En ese momento se despegó de mí y me cogió de la mano. Yo le seguía, mirando lo bonito que le hacían el culo esos pantalones negros de pinza y mirándome a mí, con un vestido gris de una sola pieza, sin mangas y sin escote que me llegaba de los hombros hasta medio muslo. Él subía las escaleras y yo quería tocarle el culo. Me sorprendí sintiendo como se me estaba haciendo la boca agua solo con mirar ese culito.

Llegamos a la azotea. Gijón estaba soberbio en esa noche de agosto. Las sombras que nos proporcionaban las luces de las farolas, de ese color tan indeterminado, entre rojo y calabaza recortaban nuestros cuerpos y velaban nuestros gestos.

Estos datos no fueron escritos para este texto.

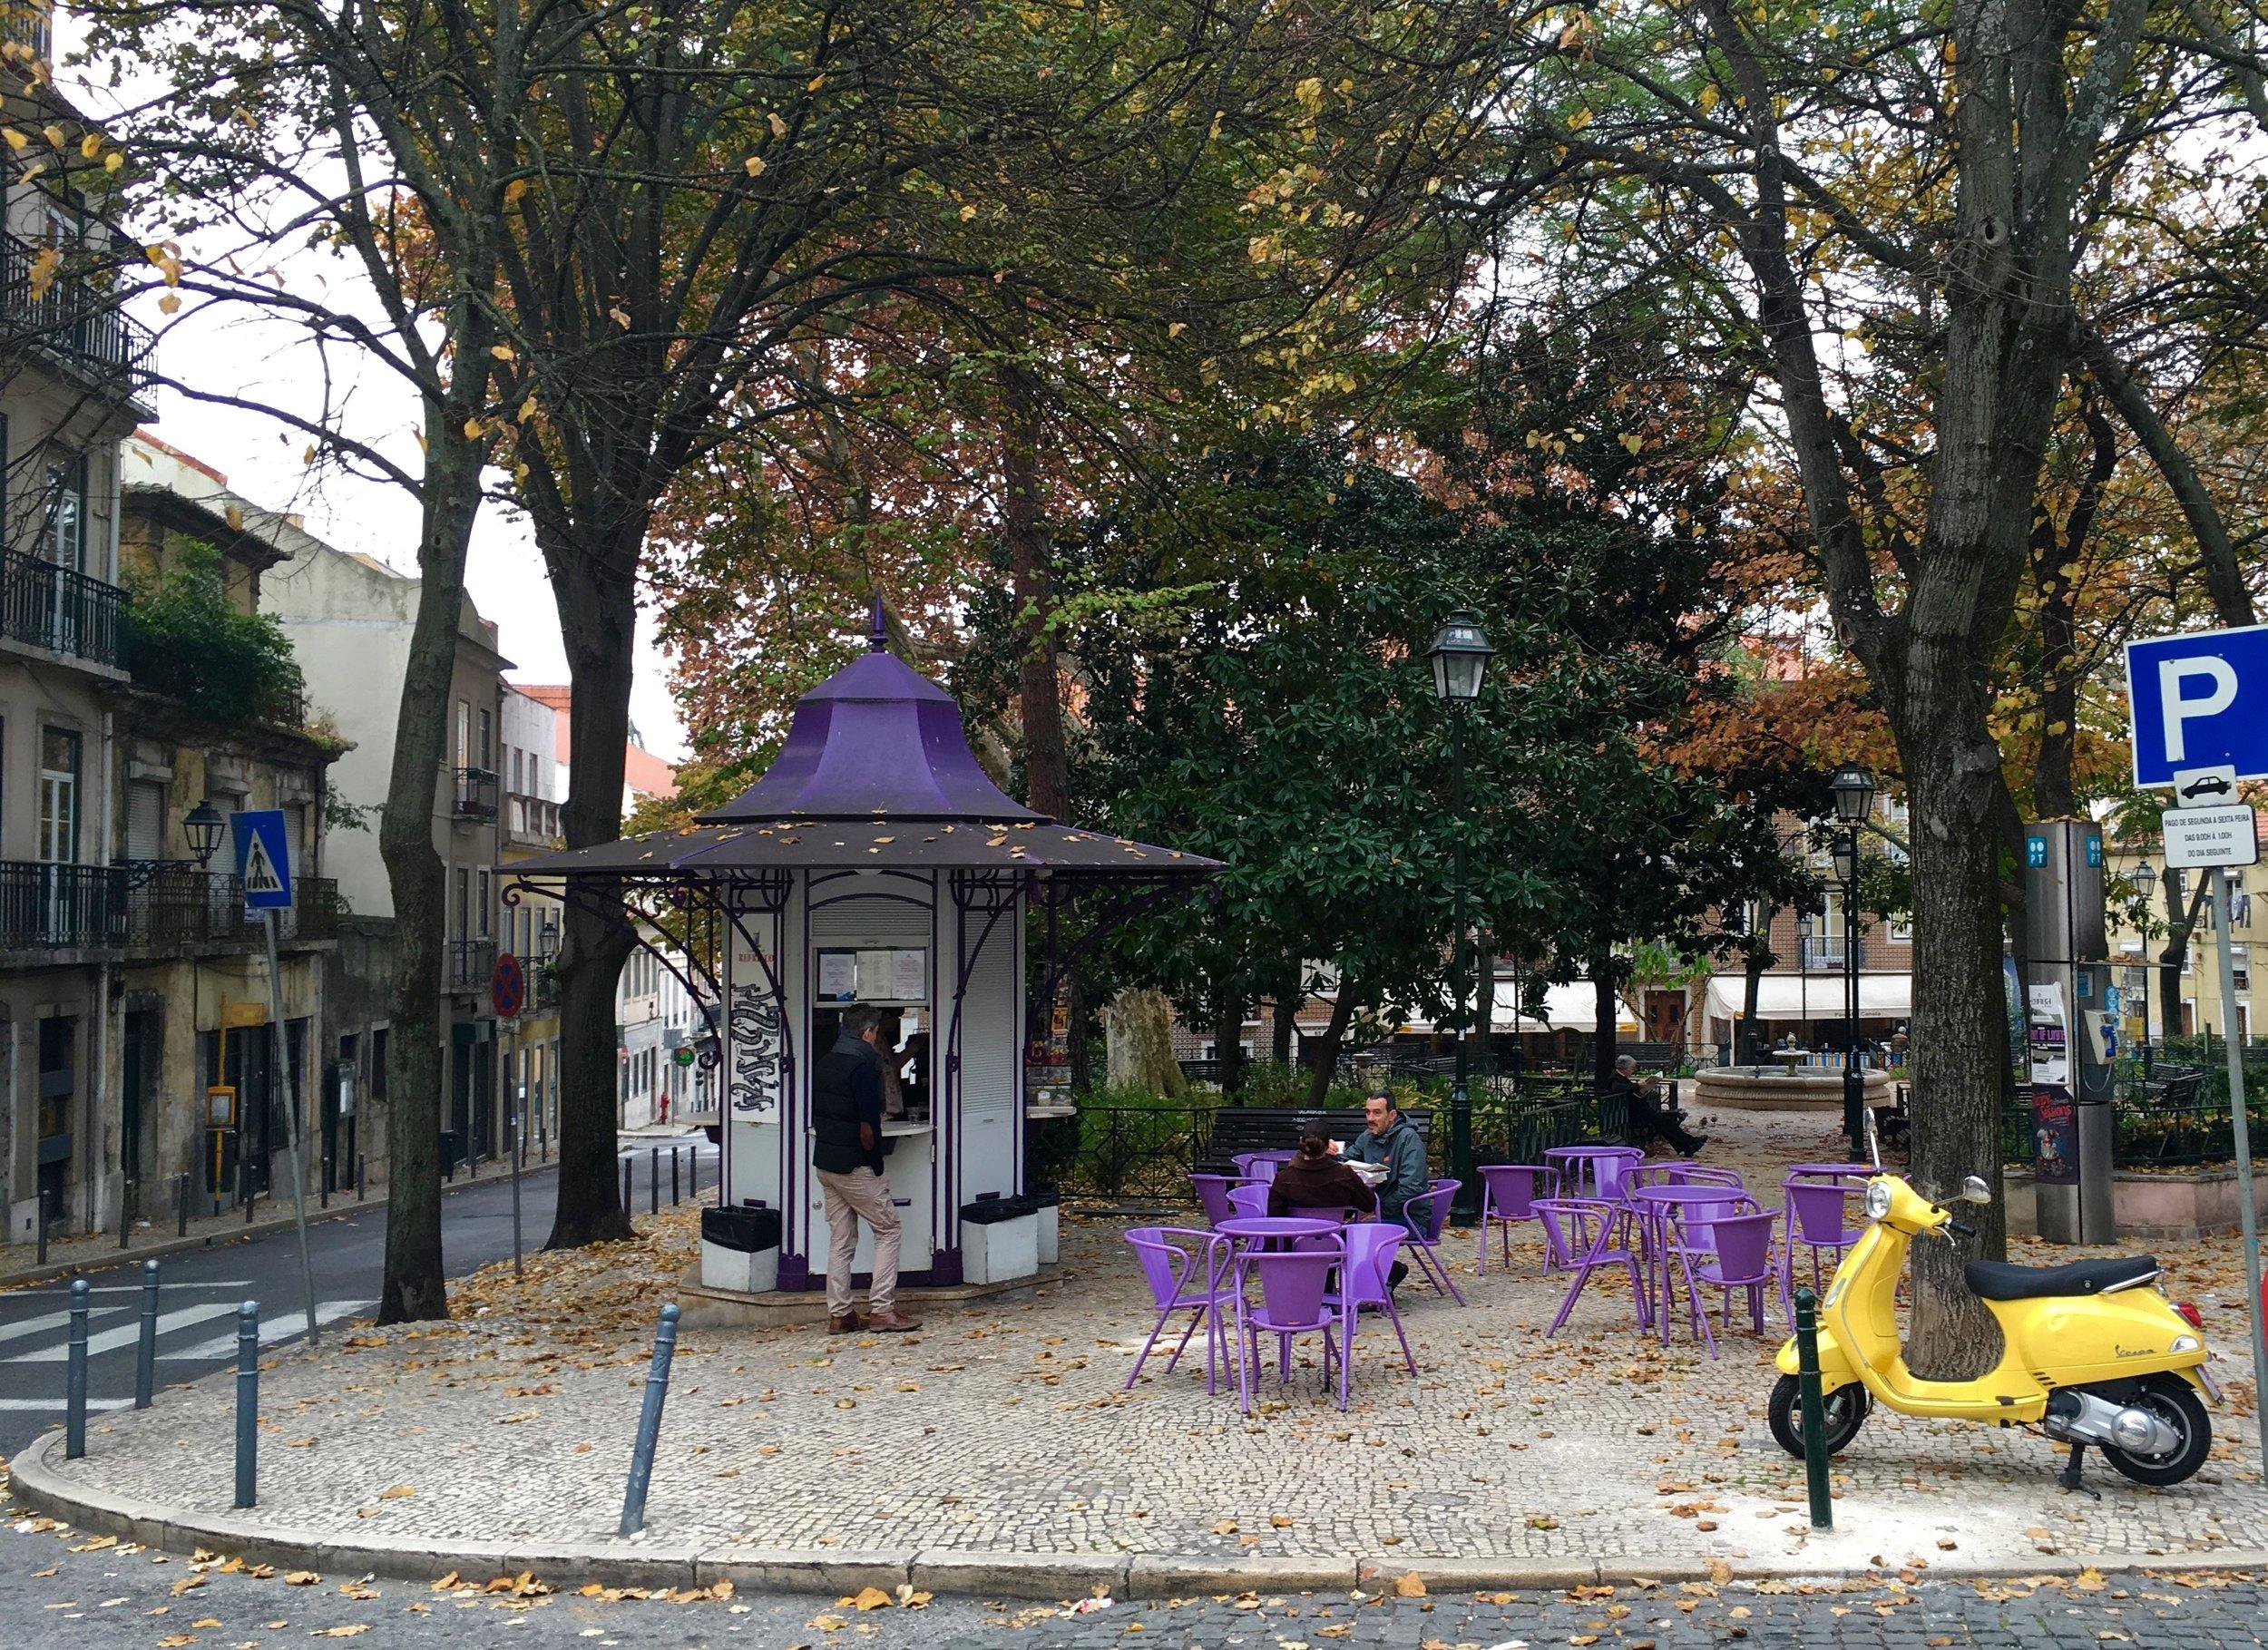 Quiosque Praça das Flores, Lisbon
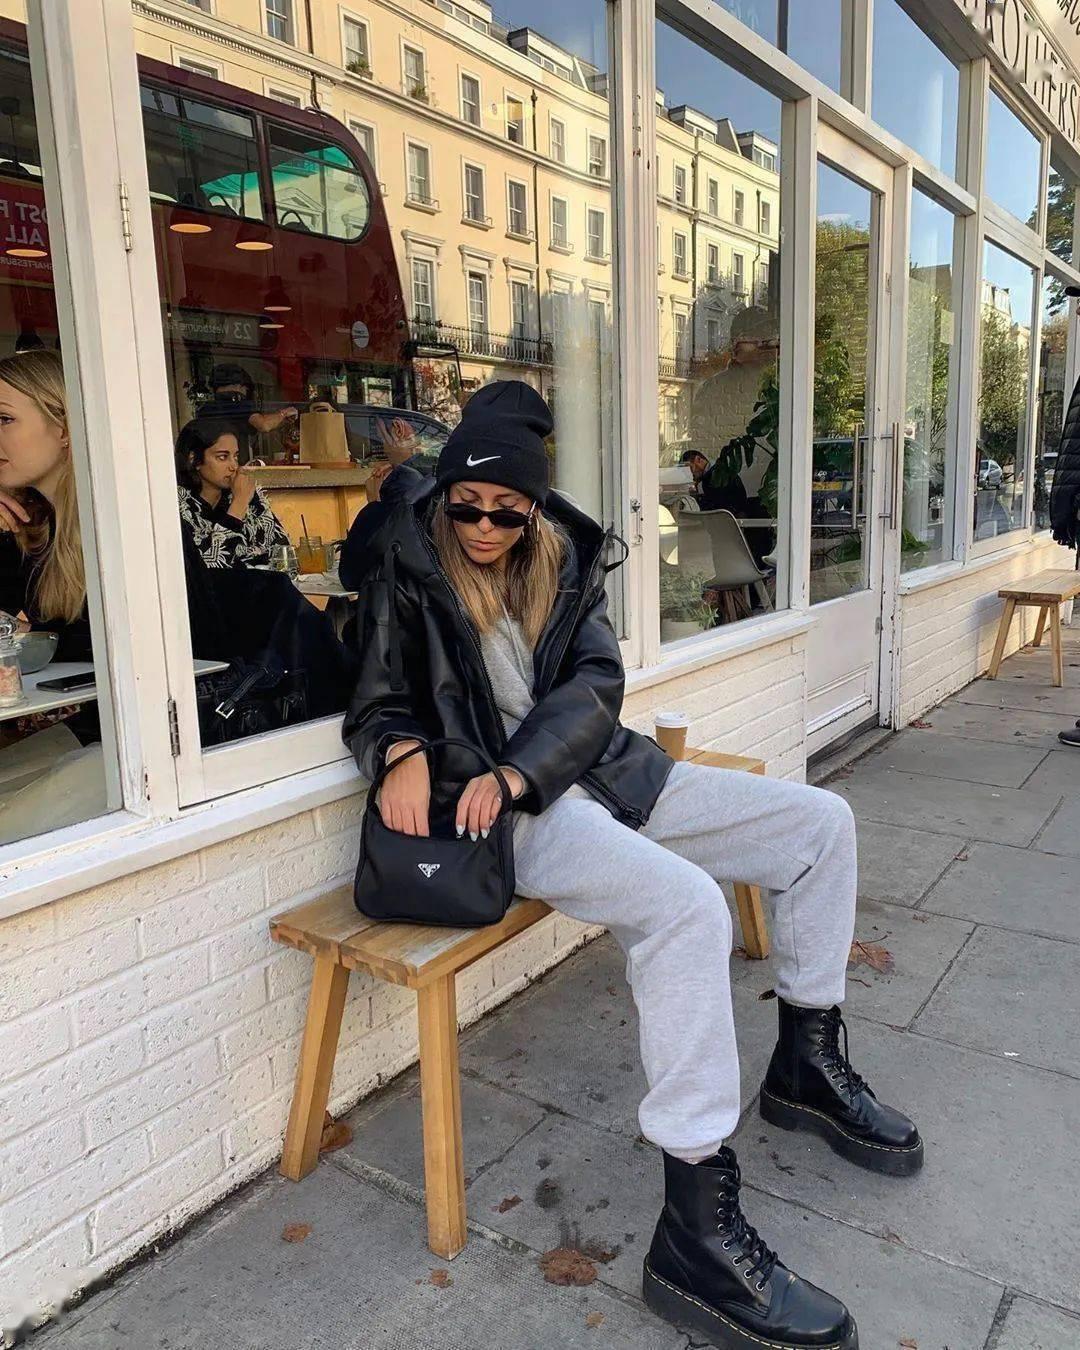 马丁靴+裙子,马丁靴+工装裤……又酷又撩,时髦炸了!     第61张

Le apoyé en la pared poniéndole las manos en el pecho y me acuclillé abriéndole la cremallera. Seguía resultándome sorprendente lo mucho que me gustaba darle placer oral. Me resultaba tan excitante como si me acariciara él a mí. Noté  como el alcohol hacía mella en su capacidad de respuesta y tenía una media erección, que debido al tamaño de su miembro, resultaba en comparación como una erección plena de otro mortal cualquiera.

Empecé a lamer la puntita, solo recorriéndola con mi lengua, en círculos. Abrí los labios y empecé a meterla en mi boca. Él echó la cabeza hacia atrás y suspiró profundamente. Le oí tragar saliva. A medida que yo aumentaba el ritmo él iba colocando sus manos más cerca de mi cabeza, con cuidado, con miedo, hasta que me la cogió y puso él el ritmo. Su orgasmo estaba cerca, muy cerca; susurraba, su respiración se agitaba, estaba apunto.

Me detuve y la saqué de mi boca. Él me miró perplejo y con un pelín de fastidio. Yo le miré le di un beso en los labios y le dije:

- No seas egoistaaaaaaa...

A continuación me puse de espaldas a él y coloqué sus manos en mis caderas. Empezó a subirme el vestido y yo me eché hacia delante para favorecer la penetración que estaba deseando.

El no se anduvo en bromas. Con un golpe seco la clavó hasta el fondo. Grité. Luego se me escapó una risita, pero tuve que gritar.

Empezó el vaivén. Él sabía perfectamente lo que a mi me gustaba, lo que yo quería y como lo quería.

Sabía como me gustaba que me apretara el pecho y que me cogiera de las caderas y del pelo, que me besara en la nuca y que susurrara lo mucho que le gustaba en mi oído.
Gracias al alcohol la cosa duró mucho tiempo y aunque pude correrme solo dos veces porque también a mi la carga etílica me afectó.

El caso es que fue fabuloso, como todas las veces que hago el amor con él, solo que esta era muy particular; no sé, cuando terminamos y me tenía apretadita contra él, fumando en esa azotea, con Gijón a mis pies... no sé. Fue algo mágico.

Los gatos seguían vagando por los tejados y el mar estaba en calma, pero fue algo mágico.